The API has functions to convert Lua numbers, strings and booleans
to C, and viceversa. P/Invoke converts from C to the CLR, so the
implementation of the Lua class just calls the Lua API
functions when converting to (or from) numbers, strings and
booleans. Instances of the LuaTable class contain a reference
to the actual Lua table, and use the API functions to access its
fields. Functions are converted in a similar fashion.

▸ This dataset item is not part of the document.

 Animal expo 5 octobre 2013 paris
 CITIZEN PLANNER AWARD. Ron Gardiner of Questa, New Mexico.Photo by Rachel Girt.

3.2 Passing CLR objects to Lua
Lua has a data type, called userdata, that lets an application
pass arbitrary data to the interpreter. When an application creates a new
userdata the interpreter allocates space for it, then returns a pointer
to the allocated space. The behavior of an userdata is extensible; the
application can attach functions to the userdata so Lua can call them when
it is garbagecollected, indexed as a table, called as a function,
or compared to other values.
When LuaInterface needs to pass a CLR object to Lua, it stores the object
inside a CLR vector, creates a new userdata, stores the index of the object
(in the vector) inside this userdata, and passes it instead. LuaInterface
also stores a reference to the userdata inside a Lua table. This table
lets LuaInterface reuse an userdata it already created. It stores weak
references to the userdata, so the interpreter can eventually collect them.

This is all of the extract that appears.